If you read my last post, you’ll notice that I encouraged you to support independent bookstores and then told you I’d give you tickets for writing Amazon reviews. You might be wondering what I’m up to.

First, let me remind you of this week’s challenge.

  1. Purchase something from an independent bookstore, and I’ll give you one ticket for this week’s drawing.
  2. Purchase something from a Black-owned bookstore, and I’ll give you three tickets for this week’s drawing. 
  3. Write a review on Amazon AND Goodreads for a book you recently read, and I’ll give you one ticket for this week’s drawing. You can earn two tickets if the book was published in 2020, and three tickets if your review is for an author of color

 
Tickets are for this week’s drawing of a 45-minute coaching session with me.  During this session, we can talk about anything from how to begin a writing project to book proposals and query letters. 

You’ll also be entered into my grand-prize drawing of a one-hour coaching session (includes 10-page manuscript review) PLUS a spot in Jane Friedman’s self-study course How to Write a Book Proposal

For complete details, click here

To report your purchase or review, send an email to lisa.cooper.ellison@gmail.com.

So, let me explain why this challenge isn’t hypocritical. 

NOw that you have the 411 on how supporting independent bookstores is an investment in your writing career, I know where you’ll be spending your book-buying dollars. 

But I also know how the publishing industry works. While independent bookstores help writers connect with the hearts of readers, Amazon is the biggest retailer in this industry. 

For authors to get noticed, Amazon and Goodreads reviews are essential for three very important reasons: 

  • Reviews early in a book’s publication cycle create buzz and help build momentum during a launch that can catch the attention of Amazon’s mysterious algorithm. Please the algorithm, and Amazon will refer the book to readers. It can also help authors qualify for price drops and promotions that can boost sales. Most authors hope to have at least ten reader reviews on the first day of their book launch. Now that you know this, you can make this a future writing goal.
  • Reviews at any time boost a book’s credibility. While you’re a savvy writer/reader who learns about books in many different ways, there’s a trove of readers out there who rely on the “books you might like” section of every Amazon page. When they click on those selections, the choice to purchase—or not—comes down to the number and quality of reader reviews. Your support can increase the author’s sales. 
  • And, in case you don’t already know this, there are a number of trolls, “so-called literary critics,” and bots who write negative reviews either to seem smart or gain attention.  Not every negative review belongs in this category, but reviews by trolls and disgruntled family members are not uncommon. These negative reviews can affect an author’s overall rating. Help the authors you love combat this problem by writing positive, supportive reviews.

 

Here’s why this benefits you (Hint: it’s a karma thing.)
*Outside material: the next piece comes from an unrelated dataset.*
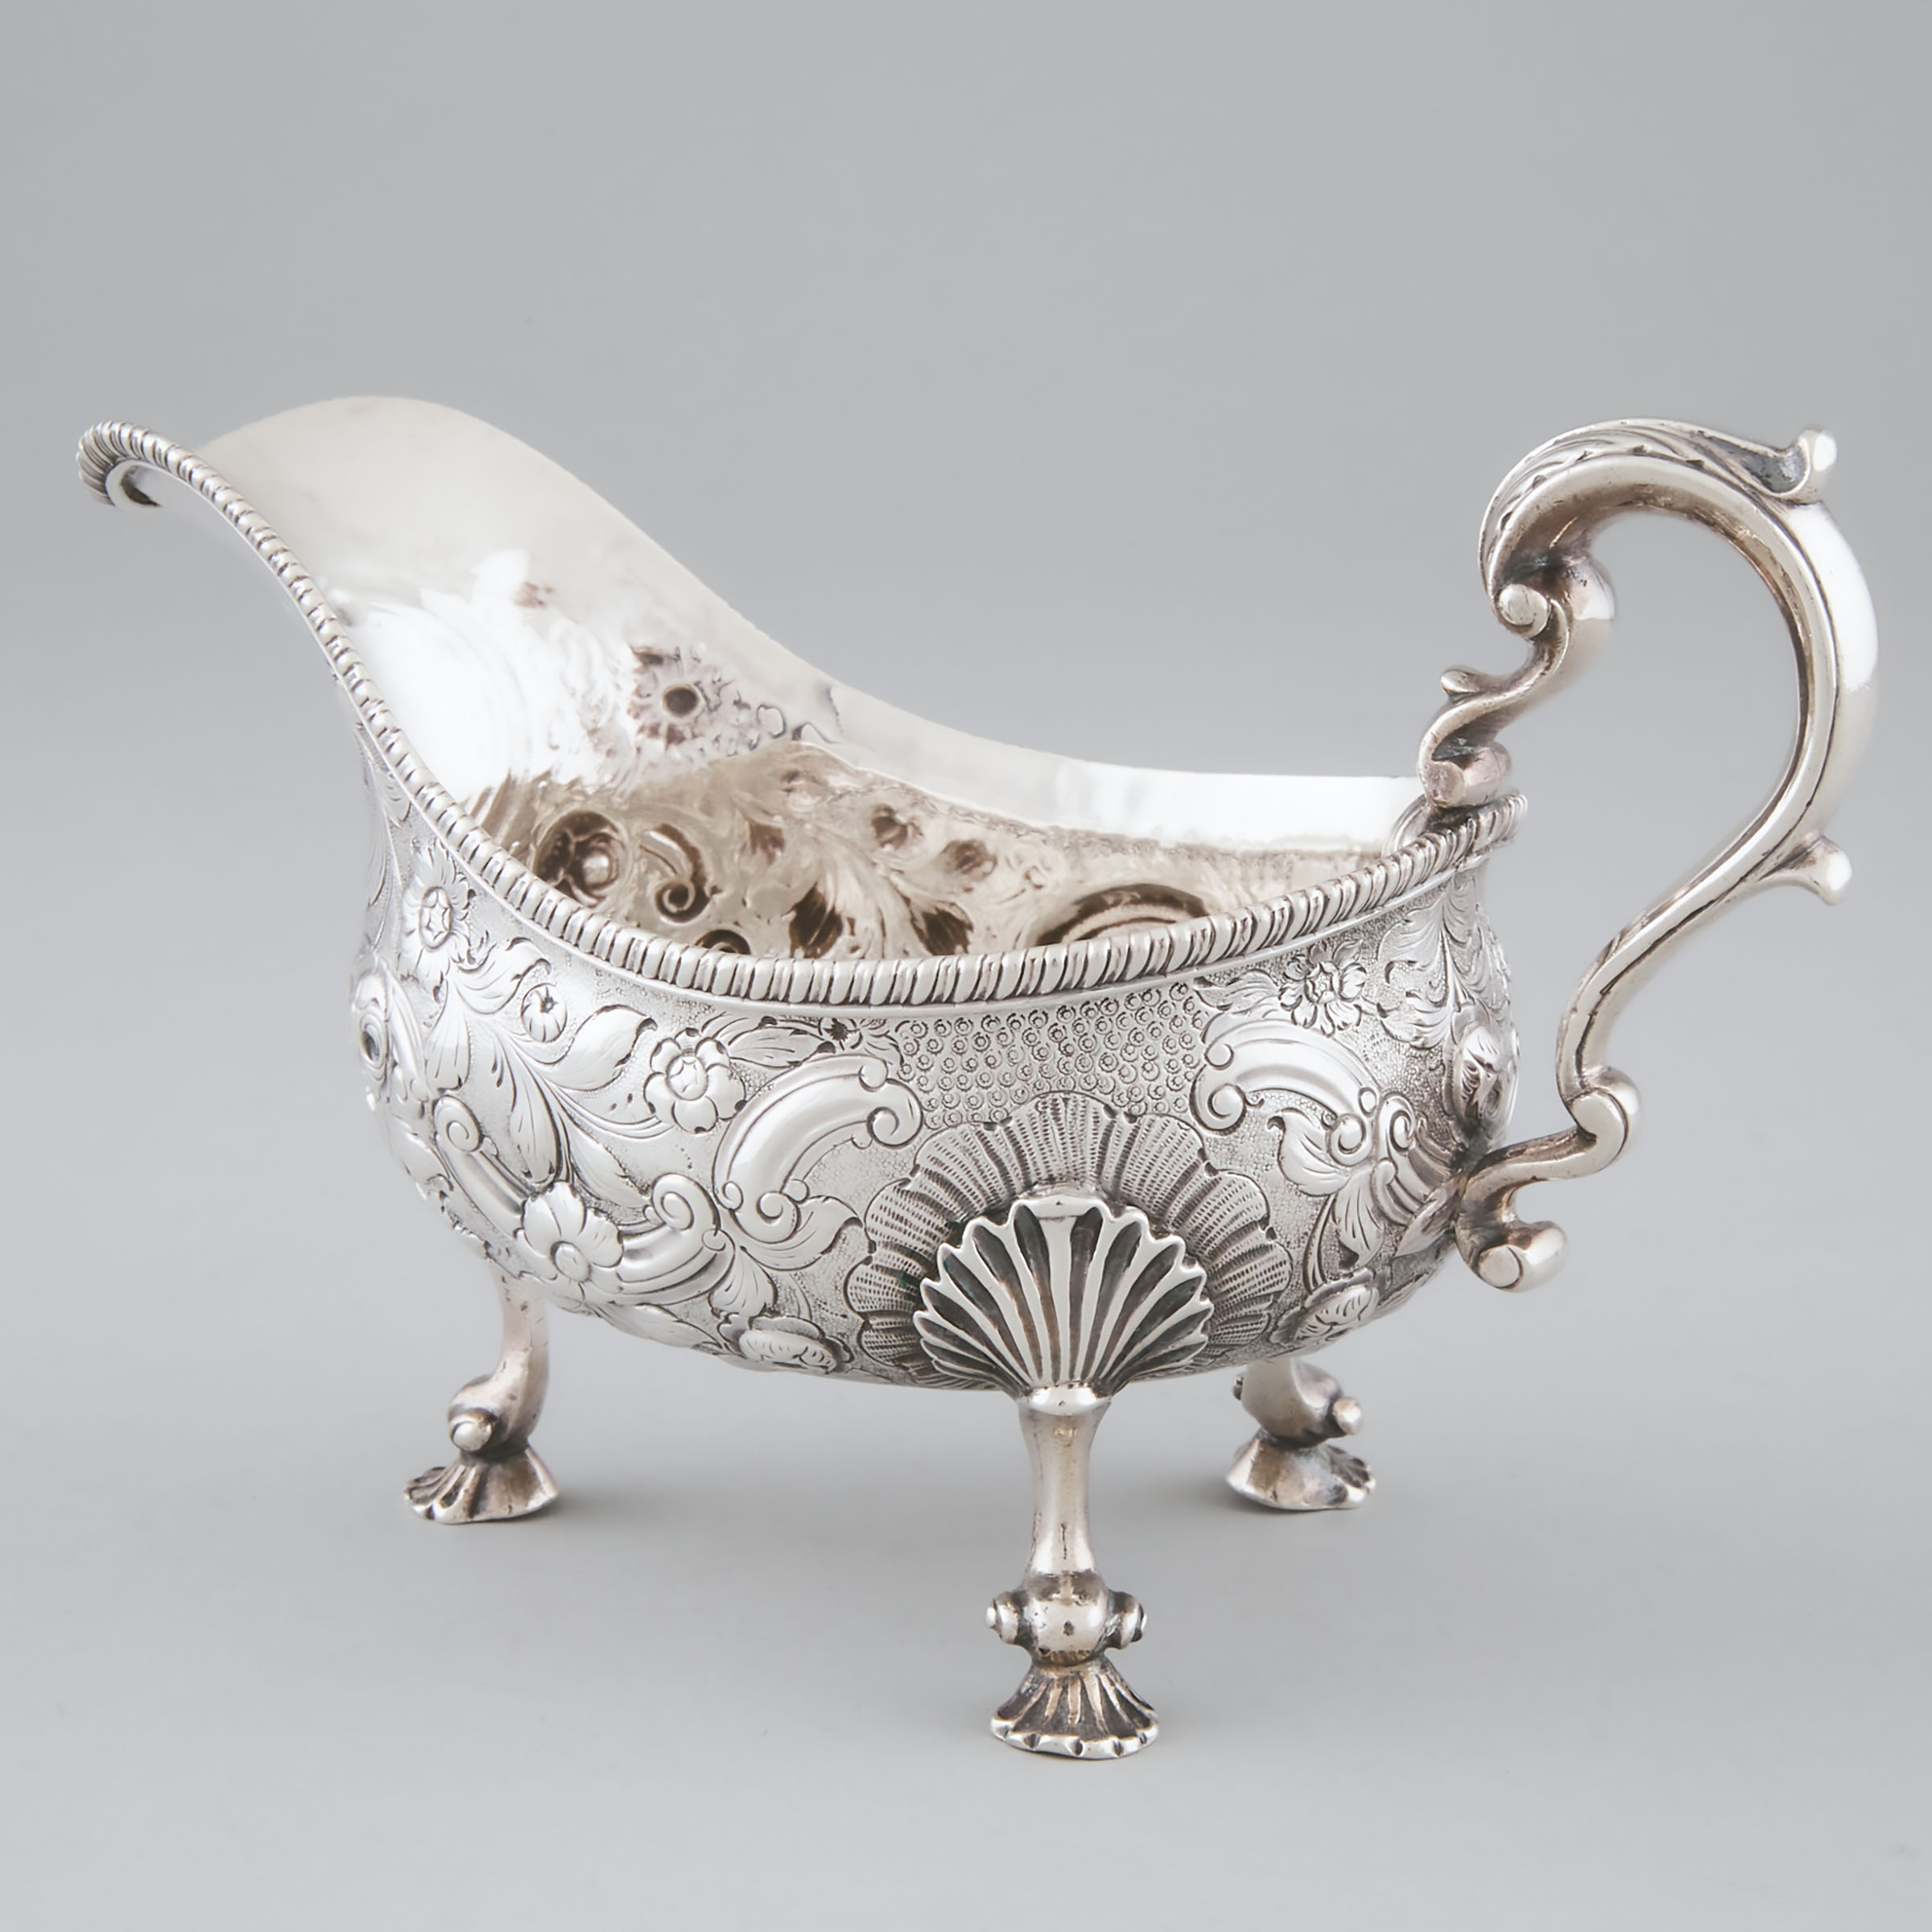 George IV Silver Sauce Boat probably 2a566d

You know that saying—what goes around comes around? 

One day, you might be preparing for a book launch. And, while creating reviews for an author should never be a quid pro quo, authors are more likely to review your book if you’ve supported theirs. 
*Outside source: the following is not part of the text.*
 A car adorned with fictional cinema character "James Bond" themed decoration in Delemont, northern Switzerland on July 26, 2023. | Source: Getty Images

Even if those you’ve reviewed don’t return the favor, regularly writing reviews for the books you love will give you the confidence to ask for reviews when the time comes

Writing reviews can help you even if you never plan to write a book. 

You’ll feel good about your standing as a good literary citizen. 
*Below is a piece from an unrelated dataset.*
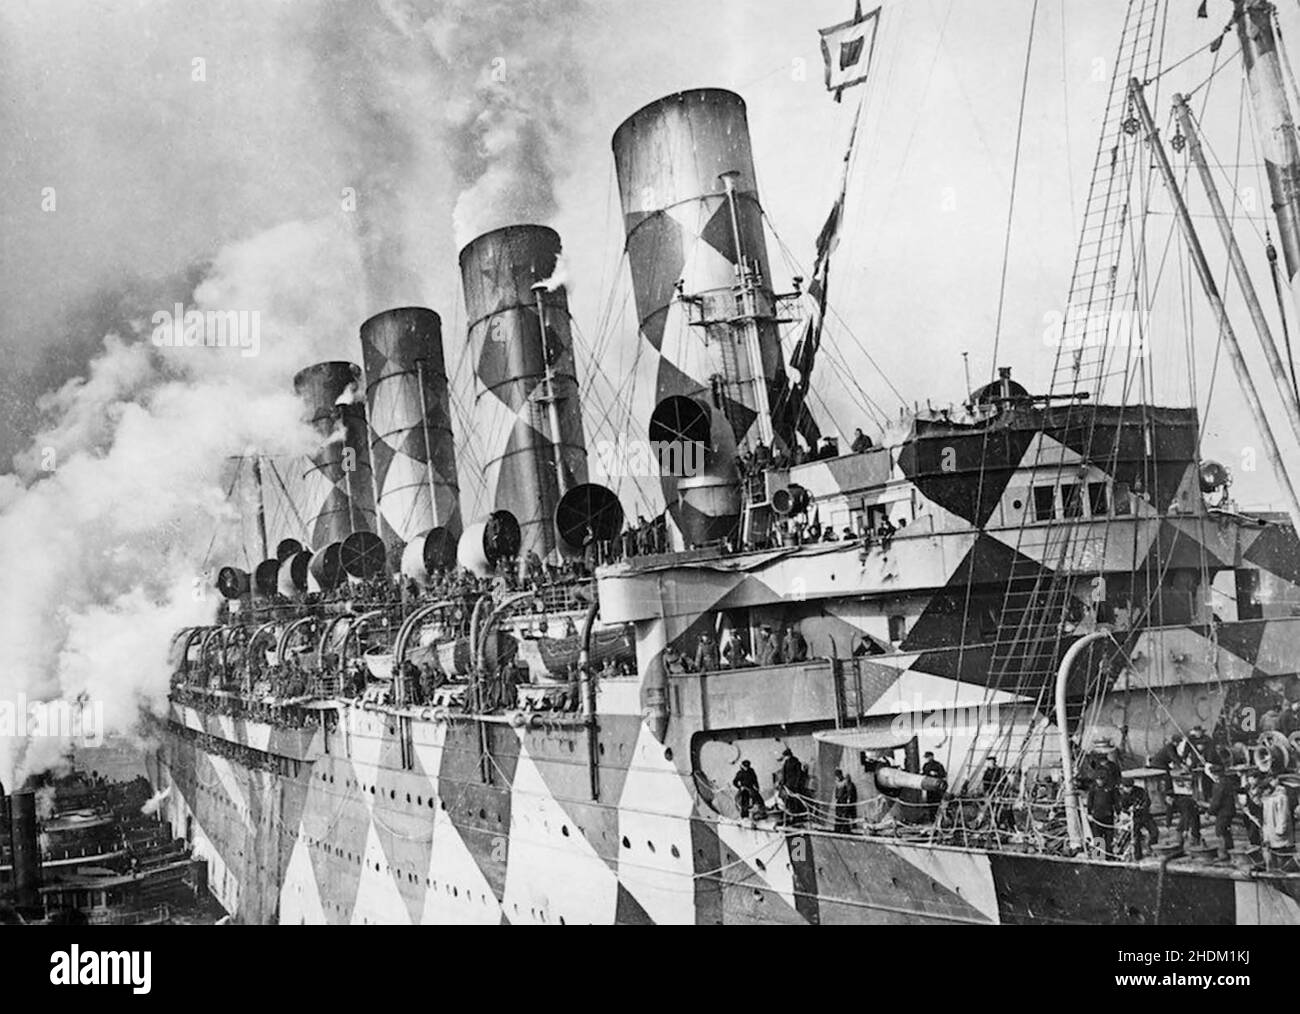 SHIPPING CAMOUFLAGE First World War. Former German ship Vaterland, renamed USS Leviathan, as a troop carrier in 1917. Stock Photo

The act can also broaden your writing community. 

And, writing thoughtfully about another writer’s work will help you understand how books are organized, what works, and how you can improve your own writing

Like I said, it’s a karma thing.  

While lengthy reviews can be a gift to the author, this challenge doesn’t need to take a ton of your time. 

If you’ve never written an Amazon or Goodreads review, here’s an easy formula you can use. It follows what I call my three Ss—simple, short, and supportive. 
 

  1. Write 1 – 3 sentences that tell the reader what the book is about. 
  2. Write 3 or 4 sentences about why you enjoyed reading the book. 
  3. Upload your reviews to Goodreads and Amazon.

 
So, now that you understand how this benefits authors and your karma, get writing, and then send me an email with the name of the book you reviewed and one thing you liked about the book. 

And, if you missed it, last week’s challenge brought in a whopping $20,279 for organizations that support families in need. Independent bookstore purchases and reviews are beginning to come in. Let’s see what good karma we can generate in week two.